Not particularly. Nate, we're certainly, you know, not looking to build inventories. I would say that, you know, if we don't find the market to our liking, we're not afraid to build a little bit of inventory, particularly at DTA. But, you know, we've just been able to move along quickly. maintaining the inventories we have. I'd say we're comfortable with it, but we don't have any specific plans to build or reduce more than we already are. Our guidance is our guidance, and if we hit that, we'll maintain comfortable inventories.
Yeah, and Nate, to add one more thing onto that, this just offered my appreciation and congratulations to all the 4,000-plus employees of Alpha for what I believe actually was, I called it a solid quarter. It was better than a solid quarter from execution with this kind of market it's easy for people to lose focus sometimes you see your your injury rates creep up or your your your violations environmental something goes sideways usually when we're in these markets like this because people can feel the stress and both the the sales and the operations team have done an incredible job maintaining a sprint pace just to keep things moving along And, you know, it's a shame that the market is not giving us something that can really show what that kind of performance looked like from a financial standpoint. But that being said, the people doing the work have done an incredible job, and I just want to make sure that's not lost.

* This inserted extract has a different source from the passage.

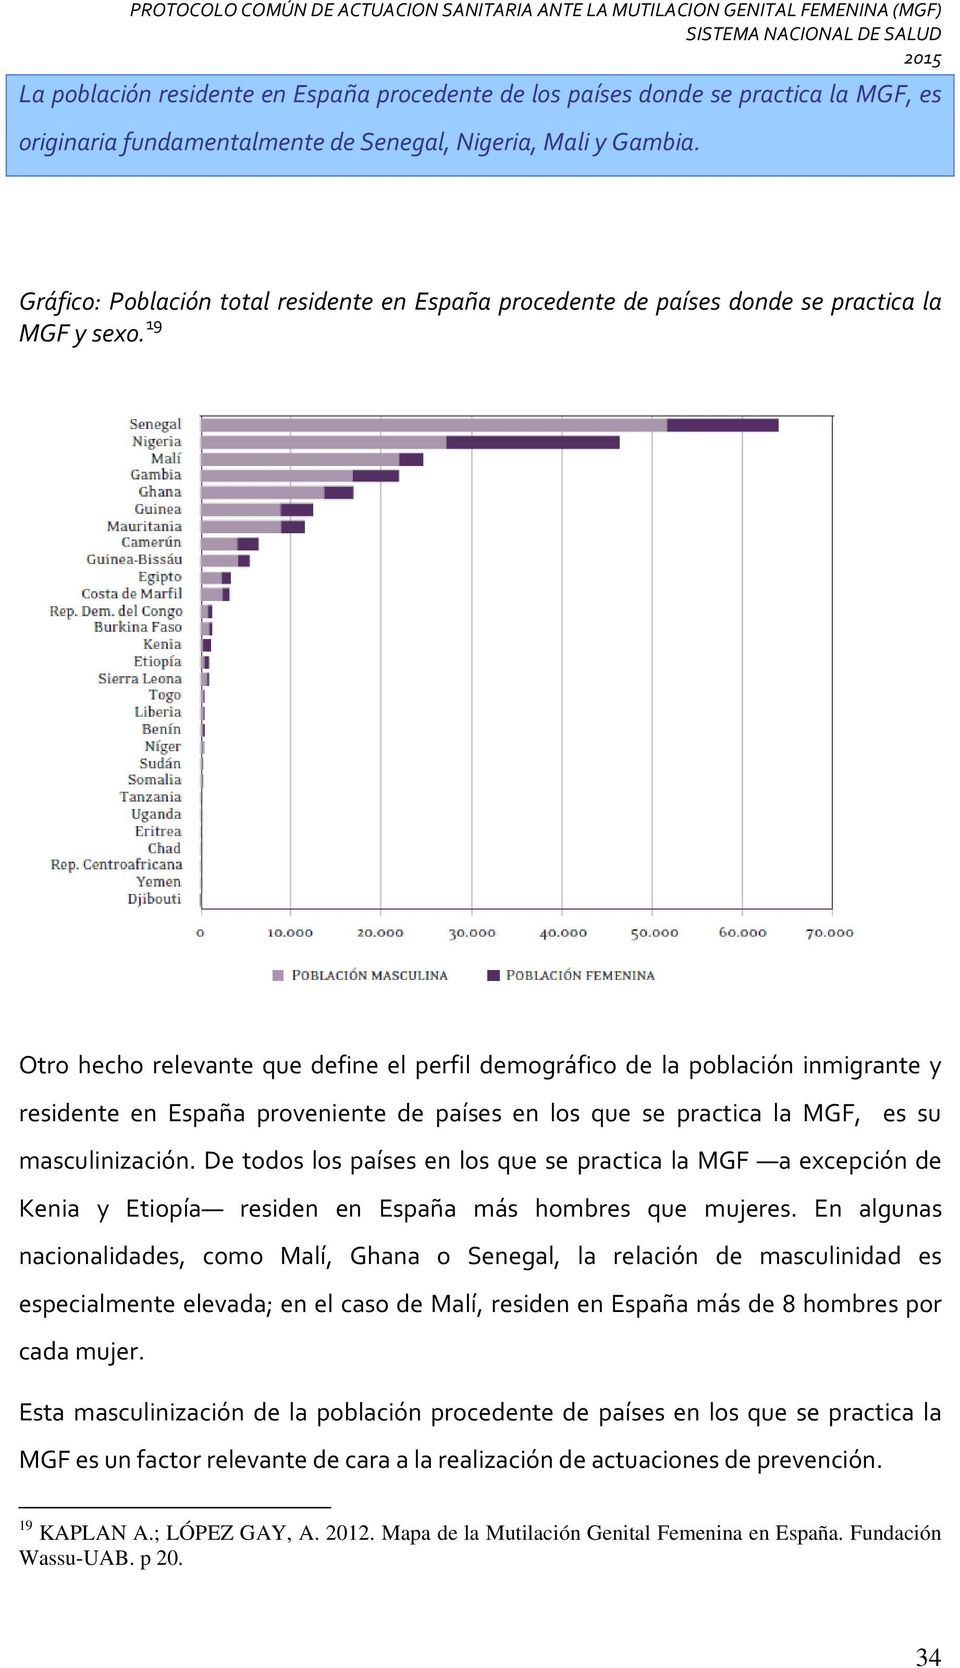 19 Otro hecho relevante que define el perfil demográfico de la población inmigrante y residente en España proveniente de países en los que se practica la MGF, es su masculinización.

Appreciate that, guys. And then maybe, Jason, one for you, not to leave you out, I think in your prepared remarks you called out there's some recent renegotiations with suppliers that should result in improving those costs even more. I mean, obviously in the second quarter, the MET segment cost number was below your full year guide. So any way to quantify how much those recent improvements with suppliers could help the costs for the full year? And maybe if we take a step back, kind of where in that full year range would you guys expect cost to come in based on, let's just say the futures price, which is around $240 a metric ton or so for the offshore benchmark today?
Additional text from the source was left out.